Archbishop addresses Anglican Academy and Secondary School Heads
Thursday 22nd September 2011
The Archbishop of Canterbury, Dr Rowan Williams, welcomed the Conference of Anglican Academy and Secondary School Heads (AASSH) to Lambeth Palace.Dr Williams, Patron of AASSH, delivered the keynote address at the conference which had as its theme "Church Schools and Academies: the next 200 years – a Christian response to the world our children will lead". Click here to listen to the address [33Mb].
Speaking in the Great Hall of the Lambeth Palace Library, Dr Williams identified two striking needs in the world of education today, which offered particular opportunities for church schools. The first was the need for the intelligent sharing of resources including spiritual and moral resources; and the second was the need for schools to see themselves as resources for the entire community.

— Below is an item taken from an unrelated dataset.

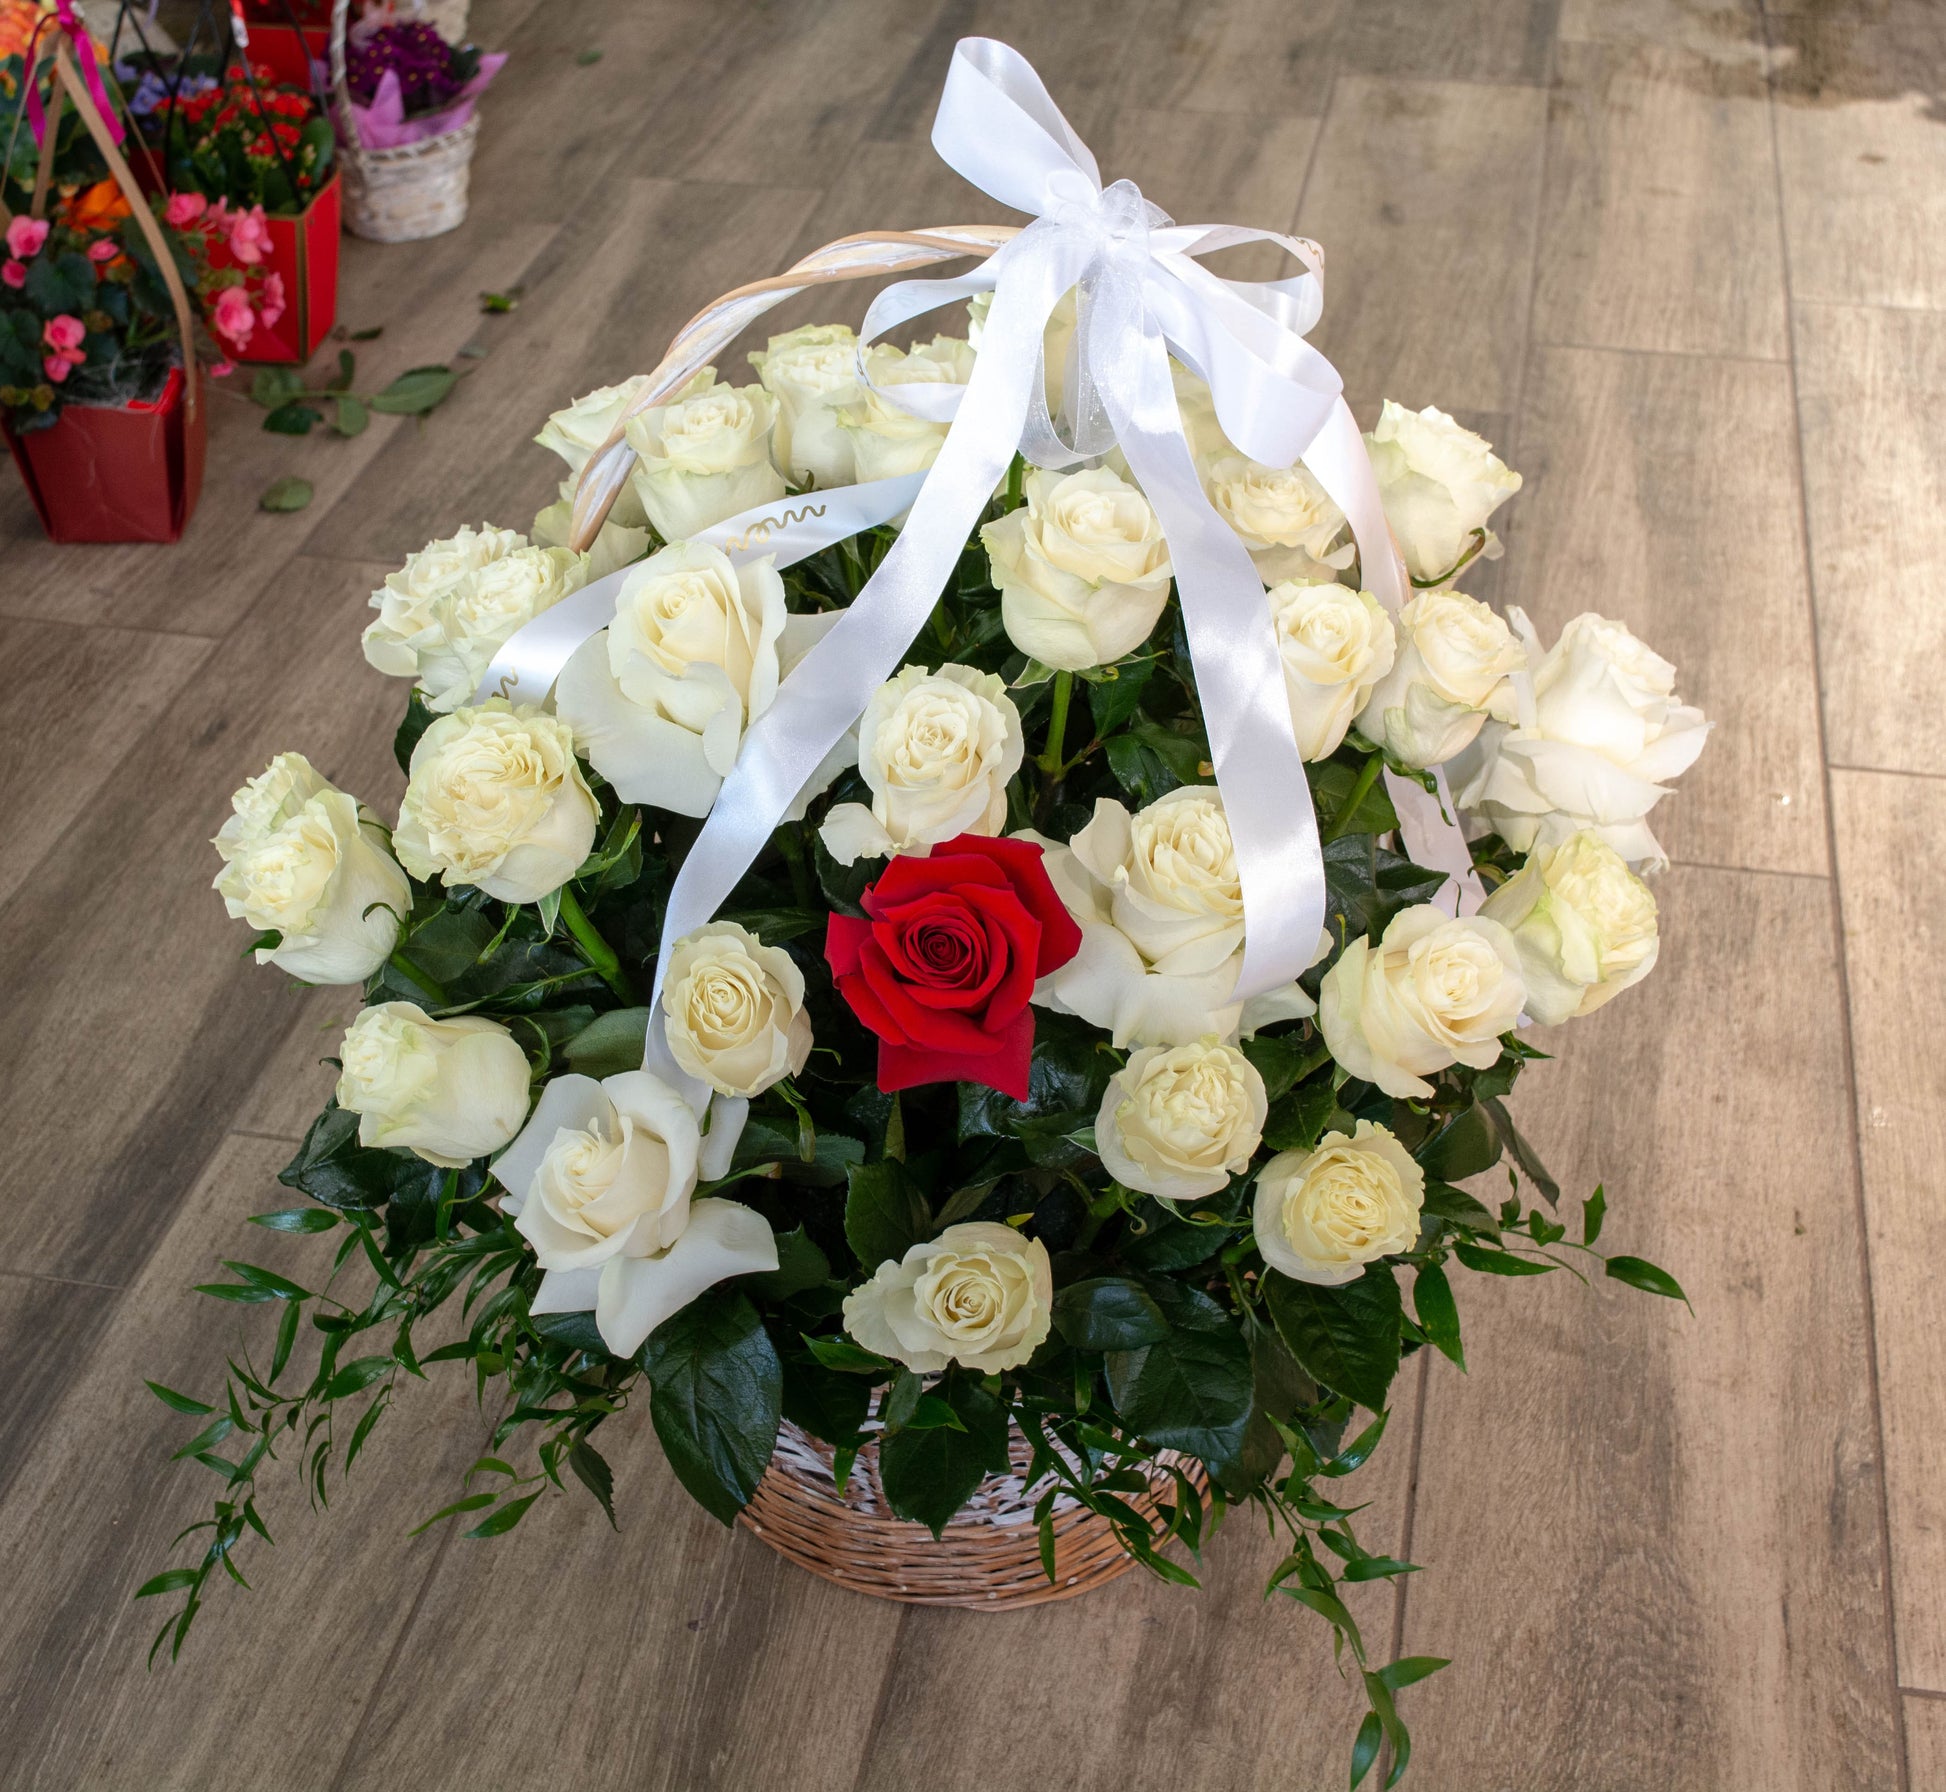 Aranjament floral impresionant cu 50 de trandafiri în culori armonioase și unul diferit, cu livrare GRATUITĂ în Resita.

The Archbishop spoke of the importance of setting out a vision of what good religious education can offer society:
“To keep the vision strong, we do need highly professional, imaginative religious education in our schools and in others. As the Archbishop of York remarked in the House of Lords debate after the riots this summer, this is a very odd moment for us to think about thinning-out or dumbing-down the religious and ethical content of school curricula.
To defend the position of religious studies and religious education in this context is not to ask for privileges, it’s simply to ask that we do not have unfair disadvantages landed on us in this respect. The case needs to be made, and needs to be made forcefully. If it’s true, as I thoroughly believe, that the understanding of a past we inherit and the world we inhabit is served by Religious Studies, we have to keep arguing that with energy, with imagination. I believe it can be done.“
Dr Williams also underlined the value of collective worship. “If a school is to be an intelligent community it will always need space to reflect, time to stop, to consider its priorities, to extend its horizons. That is what collective worship is about.” You perform best within an institution, he said, when you realise that the institution exists within a wider world. “A good politician is somebody who knows there is more to life than politics... a good school is a place that acknowledges that school is not everything. You are forming people for a human and civic future. You are helping them to be citizens, to be adults, to be choice-makers, to use their imaginations and their intelligence. When that broad context is clear, then the institution works most creatively - you know the world you’re in.”
The work of church schools is a contribution to the good of society as well as to the pupils themselves, said Dr Williams. "Our committed belief [is] that religious education, in the widest possible sense, is the most deeply humanising enterprise we can be involved in. ... We want to ensure that the education our young people receive is as comprehensive as possible, taking in the widest range of enriching human experiences. That is something we can’t let slip.”
Without us, the Archbishop concluded, the world of education would be a lot smaller and a lot duller, as would the human world itself.